Down on Earth, physicist Robyn Millan was cheering it on, hoping the test launch would bode well for the success of her grand idea: launches in 2013 and 2014 of 20 such balloons to float in the circular wind patterns above the South Pole. Each balloon will help track electrons from space that get swept up in Earth's magnetic field and slide down into our atmosphere. Such electrons are an integral part of the turbulent magnetic space weather system that extends from the sun to Earth.
A professor at Dartmouth College, Millan is the principal investigator for a project called BARREL, or Balloon Array for RBSP Relativistic Electron Losses. Millan's proposal will work hand in hand with NASA's Radiation Belt Space Probes (RBSP) mission, two NASA spacecraft due to launch in 2012 to study a mysterious part of Earth's magnetic environs called the Van Allen radiation belts. The radiation belts are made up of two regions, each one a gigantic donut of protons and electrons that surrounds Earth.
"We're both looking at the loss of particles from the radiation belts," says Millan. "RBSP sits in space near the equatorial plane and looks at the particles along magnetic field lines there. These particles come into our atmosphere -- following magnetic field lines to their base at the Poles -- and produce X-rays. BARREL measures those X-rays. Together we can combine measurements of the same set of particles."
Figuring out what causes this rain of electrons will do more than simply improve understanding of the physics behind what drives such high-energy particles. The charged particles within the radiation belts can damage sensitive electronics on spacecraft like those used for global positioning systems and communications, and can injure humans in space. (The electrons don't make it all the way to Earth, so pose no danger to those of us on the ground.) Experiments like BARREL and RBSP help us understand the processes and mitigate those risks.
Millan began working on balloons during her graduate work at University of California, Berkeley, where she studied physics. She worked on a balloon called MAXIS that focused on electron precipitation from the magnetosphere into the ionosphere. "Then," she says, "We got this idea. They launch these huge payloads in Antarctica, but before that they send up smaller test balloons to make sure conditions are right for the big launch. And we thought -- what if you could put instruments on those? So we took our payload, and miniaturized it."
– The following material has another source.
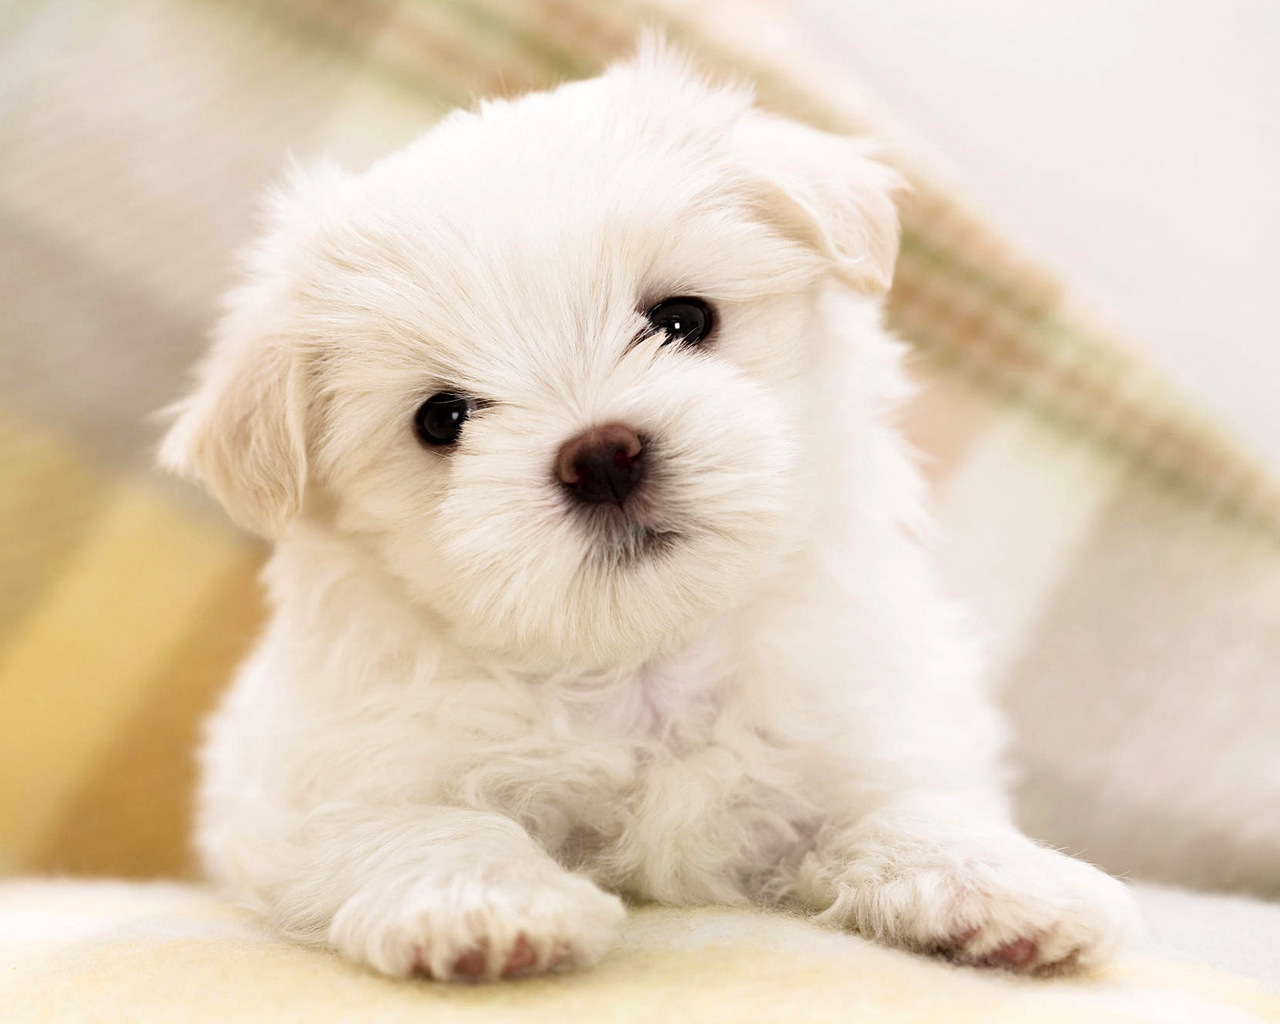 Poodle Puppies Wallpaper Dogs Puppy

She and her team, which includes scientists and students at UC Berkeley, UC Santa Cruz, and University of Washington, set about making payloads that weigh only 50 pounds for balloons that are some 90 feet in diameter. That still sounds fairly big unless you know that the typical balloons launched in Antarctica are the size of a football field and carry payloads of some 3,000 pounds. The team received funding from the National Science Foundation to fly a total of six small balloons in 2005, and shortly thereafter she learned that NASA had put out a call for experiments to support RBSP.
David Sibeck, the mission scientist for RBSP at Goddard Space Flight Center in Greenbelt, Md., recalls that Millan's project proposal was well-tailored to RBSP's goals. "One of RBSP's main challenges will be to differentiate between the hordes of theories that try to explain why the belts wax and wane over time," Sibeck says. "The RBSP spacecraft will be equipped to distinguish between different options, but Millan's balloons have an advantage in one specific area: they can measure particles that break out of the belts and make it all the way to Earth's atmosphere."
The first test of BARREL -- funded by NASA and also supported by NSF's Office of Polar Programs that supports logistics of all research in Antarctica -- began in December of 2008. The final one began this past winter, when Millan left New Hampshire for Antarctica on Nov. 15. She arrived in McMurdo Station -- after a transfer in Christ Church, New Zealand and a day lost due to crossing the date line -- on Nov. 19. This flight needed to test travel and ease of launch capabilities as much as anything else, so Millan's team had shipped all the balloons ready to fly. Once in Antarctica, she and her colleague, Brett Anderson, a Dartmouth graduate student, got to work unpacking.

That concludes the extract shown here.